Обязанности клиентов (бабанзи) скорее напоминали обязанности дружинников. За обеспеченную жизнь у хозяина они теряли право на официальное главенство в общине [156, с. 49]. Но бабанзи не представляли собой однородной среды. Среди них тоже были довольно влиятельные лица, составлявшие ближайшее окружение знатного покровителя. П. Колль встречал двух таких влиятельных бабанзи. Один из них, киханза, замещал самого хозяина в его отсутствие. Другой, билье, был посредником между простым народом и знатным лицом и хранил «подарки» — традиционные подношения знати [119, с. 173]. С ростом клиентелы основная масса бабанзи начинала использоваться уже как рабочая сила в сельском хозяйстве и при строительстве жилищ [119, с. 338].

Клиентела, подобная той, что существовала у балуба, известна и у других африканских народов. Так, С. Я. Козлов отмечал, что этот институт был довольно распространен у фульбе Фута-Джаллона. Там, однако, покровительства искали прежде всего лица, не связанные прочными (родственными или экономическими) узами со сложившимися коллективами: торговцы, ремесленники, представители свободных профессий — учителя, толкователи законов, мусульманские ученые и т. п. [31, с. 111].

Иначе дело обстояло у балуба. Часто клиентами становились лица, не потерявшие связь со своими родичами, а полноправные члены своей кисака. Однако защиты родственной группировки и семьи оказывалось явно недостаточно, и в борьбе между кровнородственными и новыми отношениями, основанными на существовании различных социальных категорий населения, вторые явно побеждали.

Отметим, что взаимные обязанности патрона и клиента как у фульбе, так и у балуба постепенно превращались в наследственные. Несомненно, это была одна из зачаточных форм личной зависимости.

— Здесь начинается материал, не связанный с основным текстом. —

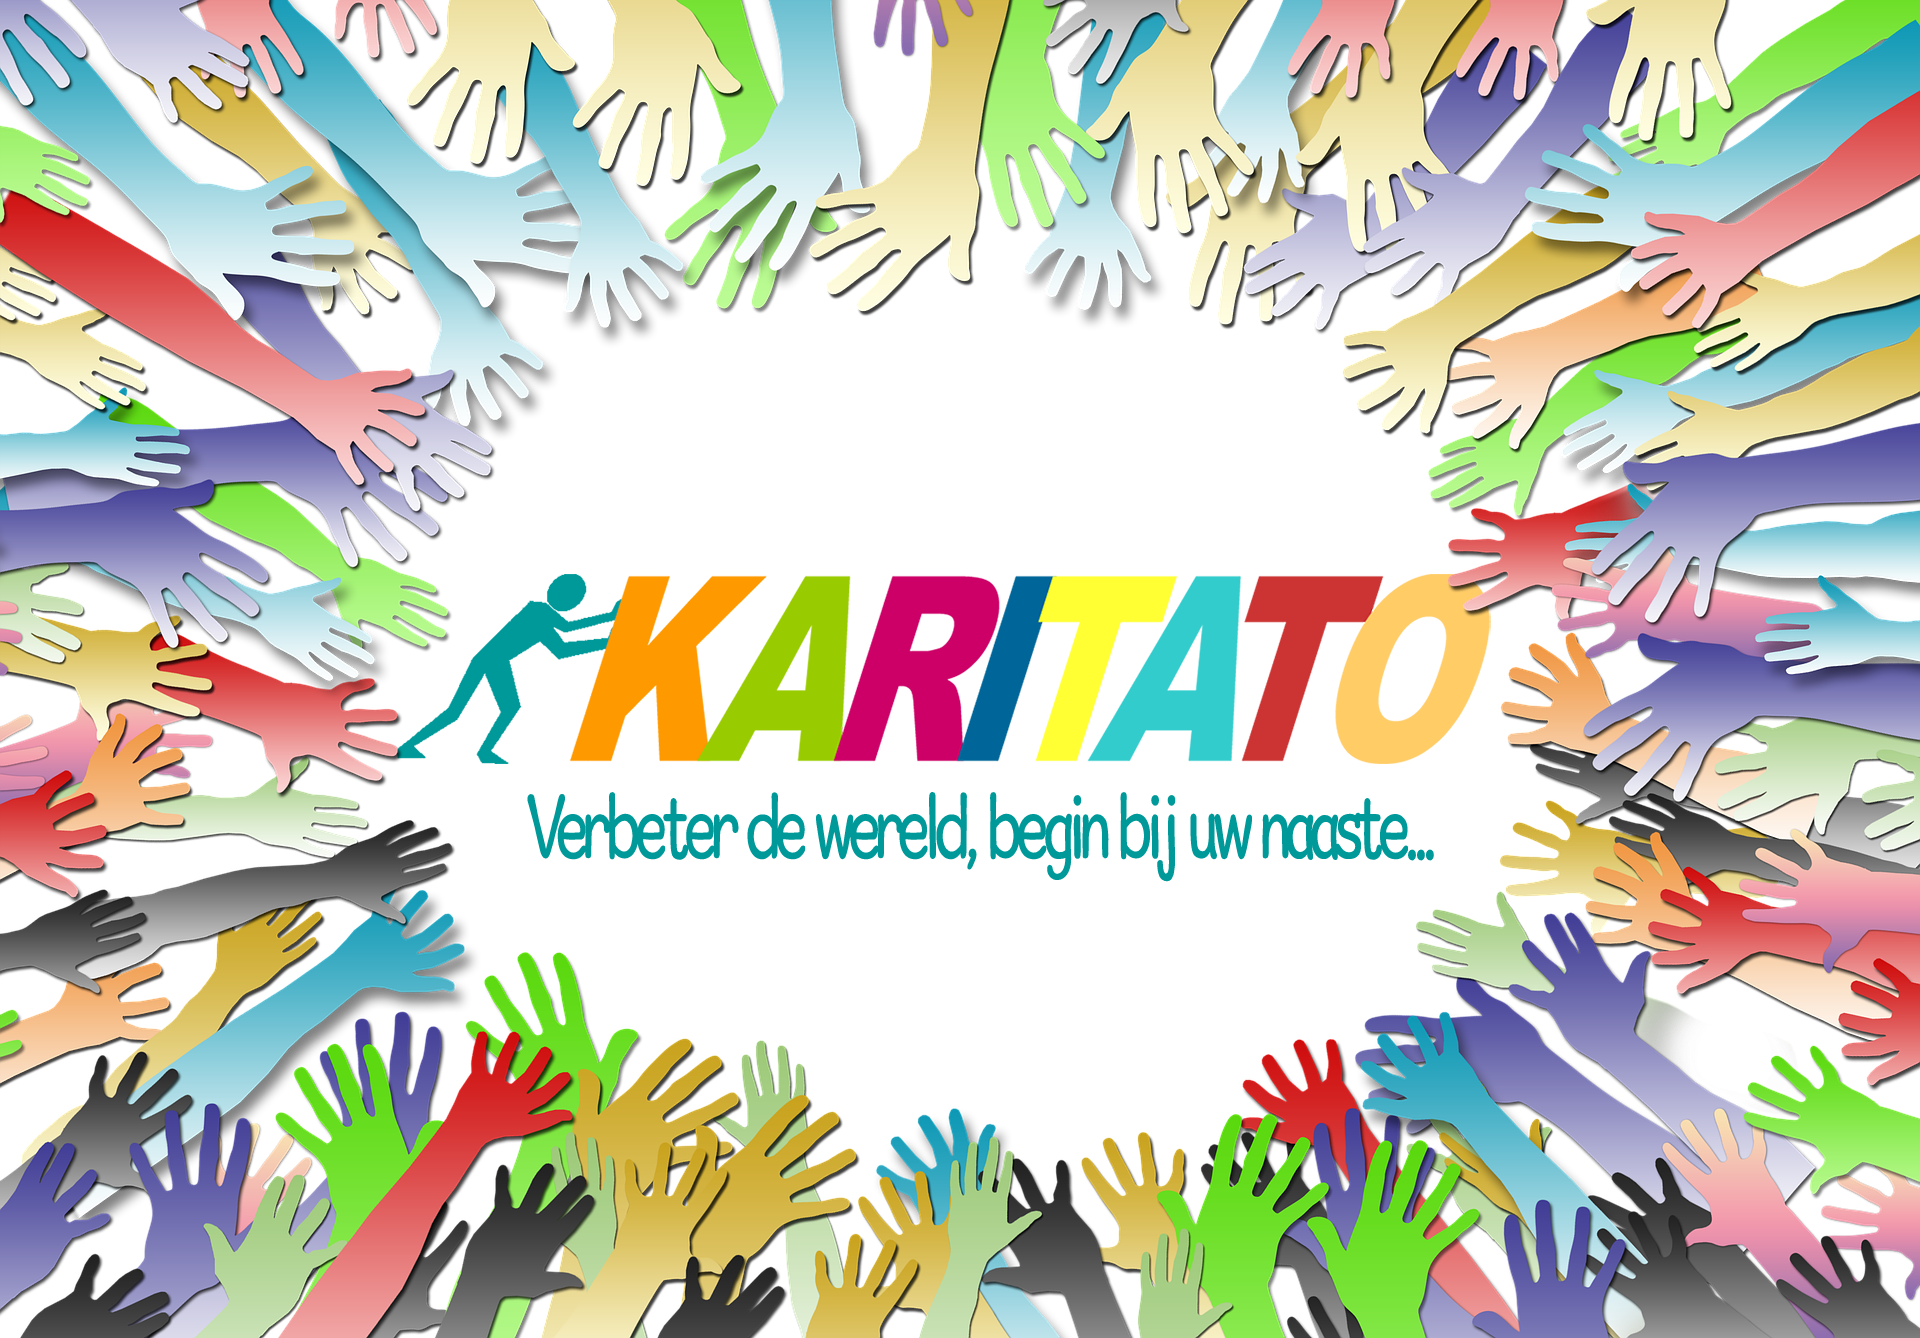 karitato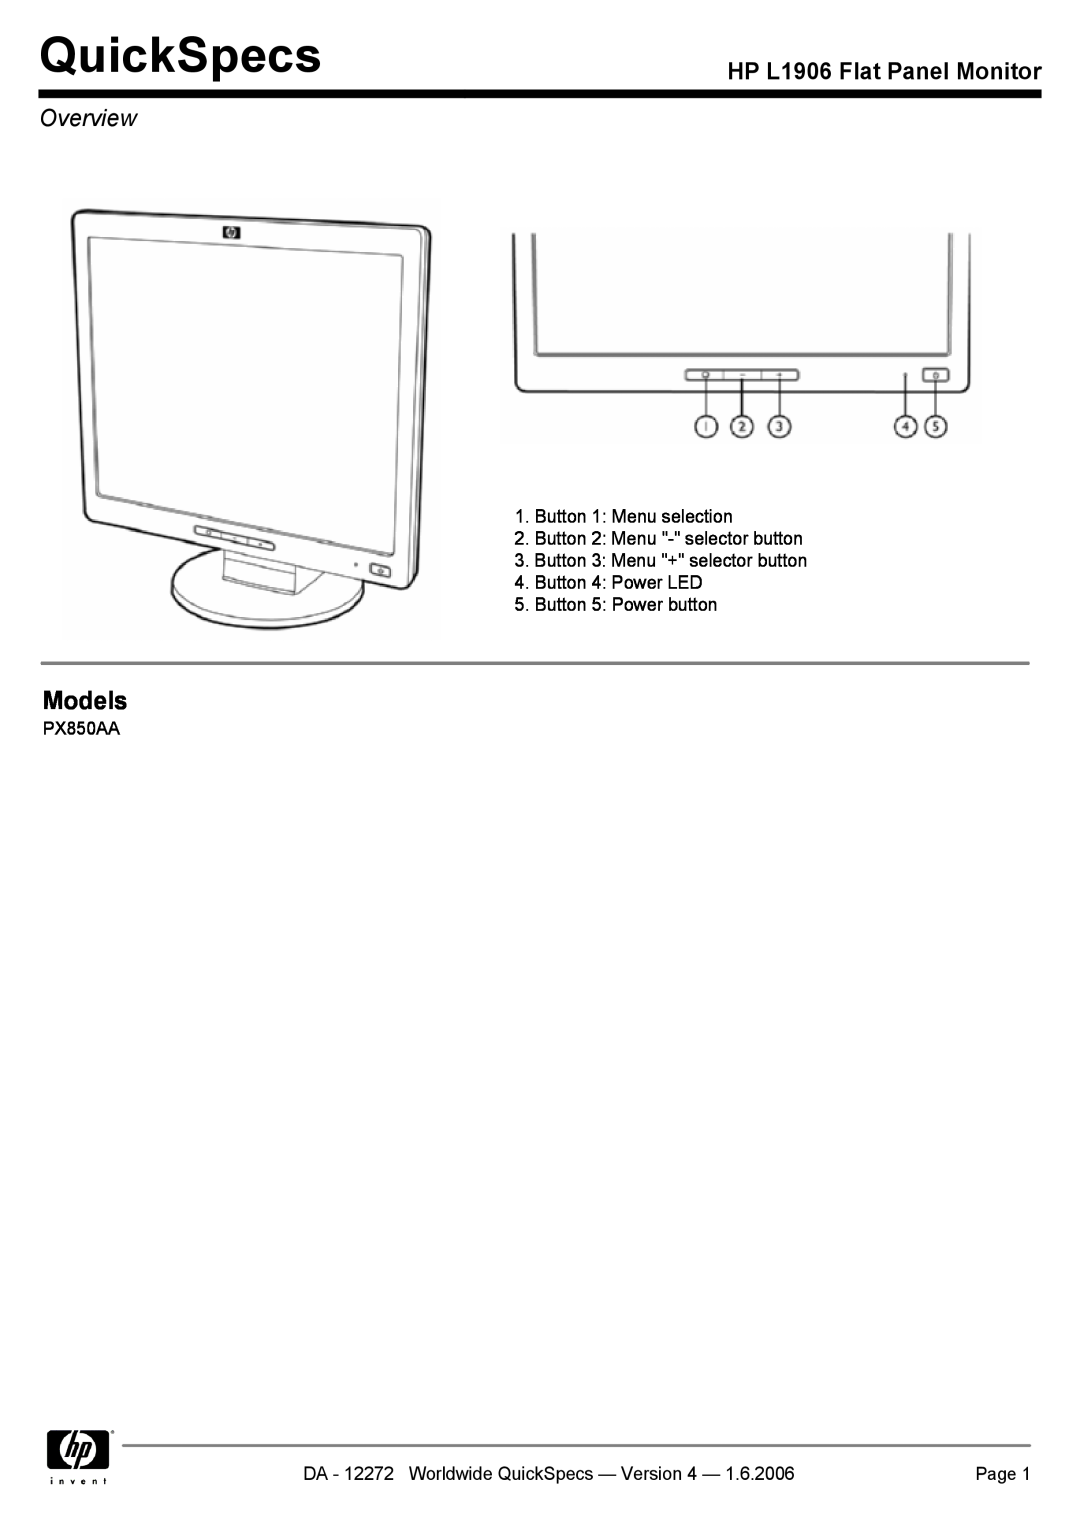 Compaq PX850AA manual QuickSpecs, HP L1906 Flat Panel Monitor, Overview, Models

Лично зависимое население. В государствах Куба, Луба и Лунда, как в Конго и в других государствах доколониальной Африки, наблюдалось значительное число людей, потерявших по тем или иным причинам свободу и попавших в личную зависимость. В литературе на протяжении многих лет изучения социальной истории традиционных доколониальных обществ Африки для них утвердилось определение «рабы». Так их называют все западные авторы. Однако мы можем употреблять этот термин лишь условно. Анализ статуса, прав и методов эксплуатации такого лично зависимого населения довольно убедительно показывает, что оно весьма отличается от рабов. Некоторые советские авторы называют эту категорию непосредственных производителей

«сервильным населением». Мы сохраним привычный термин «раб», но еще раз подчеркиваем, что он условен.

Несвободное население бакуба, которого было сравнительно немного, называлось «нгете», а так как основная масса «рабов» по этнической принадлежности была балуба, то само слово «мулуба» стало у них синонимом «нгете», подобно тому как в западноевропейских языках этнонимом «славянин» стали называть раба: склавин, эскляв, склаве.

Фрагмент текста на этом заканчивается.